Recent data in 2024 has emerged that neuronal integrity breakdown was reduced by ω−3 treatment in APOE*E4 carriers, suggesting that this treatment may be beneficial for this specific group suggested fish oil supplements might help older adults fight Alzheimer's disease.

===Mechanisms of ω−3 action===

EFA sources: Essential fatty acid production and metabolism to form eicosanoids. At each step, the ω−3 and ω−6 cascades compete for the enzymes.

In general, the eicosanoids derived from AA promote inflammation, and those from EPA and from GLA (via DGLA) are less inflammatory, or inactive, or even anti-inflammatory and pro-resolving.

The figure shows the ω−3 and −6 synthesis chains, along with the major eicosanoids from AA, EPA, and DGLA.

Dietary ω−3 and GLA counter the inflammatory effects of AA's eicosanoids in three ways, along the eicosanoid pathways:
- Displacement—Dietary ω−3 decreases tissue concentrations of AA, so there is less to form ω−6 eicosanoids.
- Competitive inhibition—DGLA and EPA compete with AA for access to the cyclooxygenase and lipoxygenase enzymes. So the presence of DGLA and EPA in tissues lowers the output of AA's eicosanoids.
- Counteraction—Some DGLA and EPA derived eicosanoids counteract their AA derived counterparts.

===Role in inflammation ===
Since antiquity, the cardinal signs of inflammation have been known as: calor (warmth), dolor (pain), tumor (swelling), and rubor (redness). The eicosanoids are involved with each of these signs.

Redness—An insect's sting will trigger the classic inflammatory response. Short acting vasoconstrictors — TXA_{2} — are released quickly after the injury. The site may momentarily turn pale. Then TXA_{2} mediates the release of the vasodilators PGE_{2} and LTB_{4}. The blood vessels engorge and the injury reddens.
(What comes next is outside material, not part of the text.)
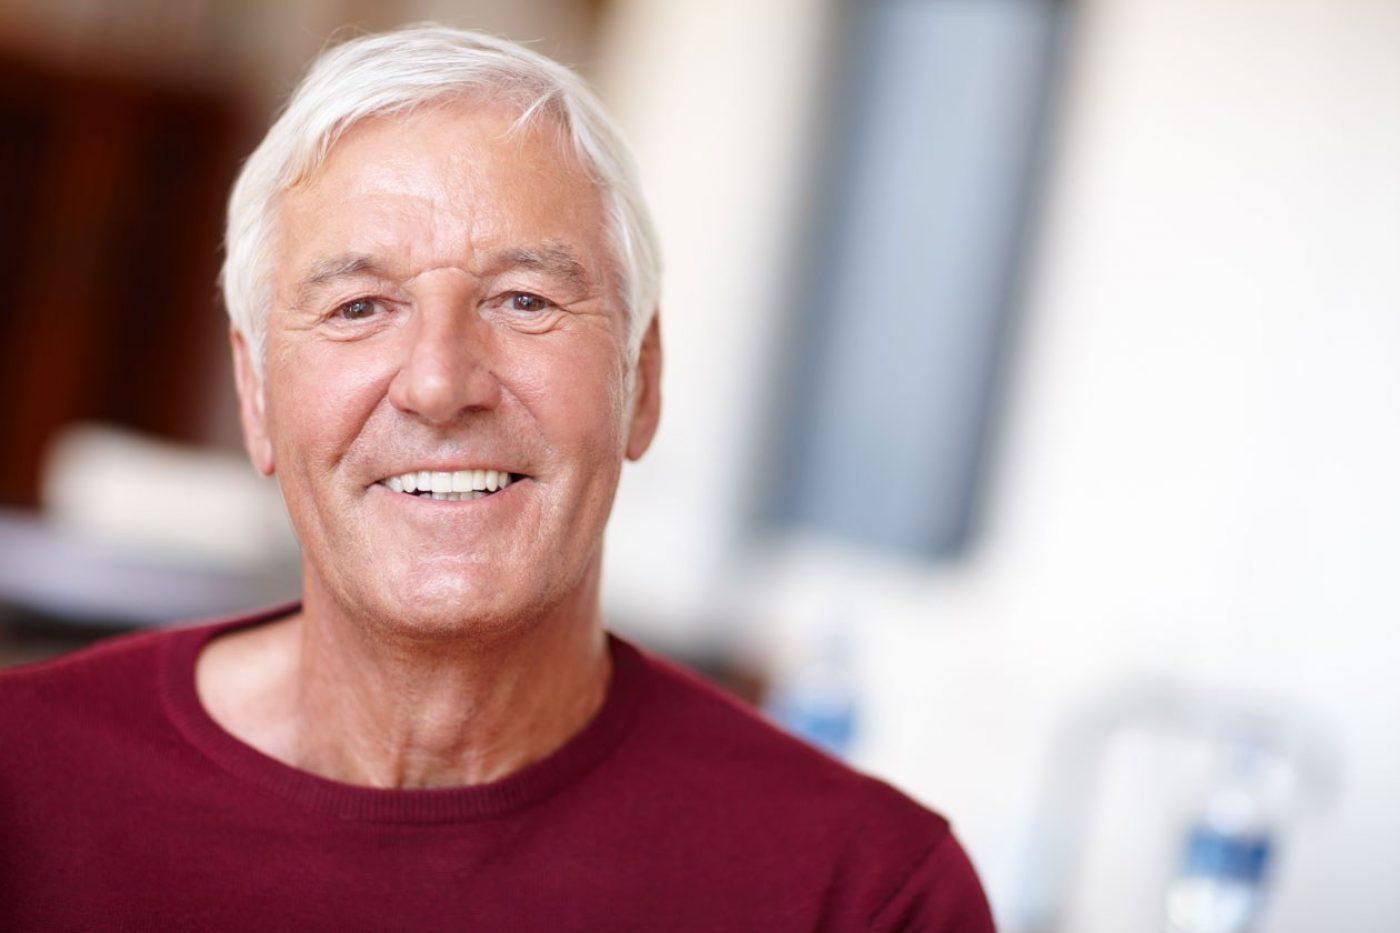 glasgow Dental Implants Implantsecureddentures

Swelling—LTB_{4} makes the blood vessels more permeable. Plasma leaks out into the connective tissues, and they swell. The process also loses pro-inflammatory cytokines.

Pain—The cytokines increase COX-2 activity. This elevates levels of PGE_{2}, sensitizing pain neurons.

Heat—PGE_{2} is also a potent pyretic agent. Aspirin and NSAIDS—drugs that block the COX pathways and stop prostanoid synthesis—limit fever or the heat of localized inflammation.

==History==
In 1930, gynecologist Raphael Kurzrok and pharmacologist Charles Leib characterized prostaglandin as a component of semen.
Between 1929 and 1932, George and Mildred Burr showed that restricting fat from animals' diets led to a deficiency disease, and first described the essential fatty acids.
In 1935, von Euler identified prostaglandin.
In 1964, Bergström and Samuelsson linked these observations when they showed that the "classical" eicosanoids were derived from arachidonic acid, which had earlier been considered to be one of the essential fatty acids.
In 1971, Vane showed that aspirin and similar drugs inhibit prostaglandin synthesis. Von Euler received the Nobel Prize in medicine in 1970, which
Samuelsson, Vane, and Bergström also received in 1982.
E. J. Corey received it in chemistry in 1990 largely for his synthesis of prostaglandins.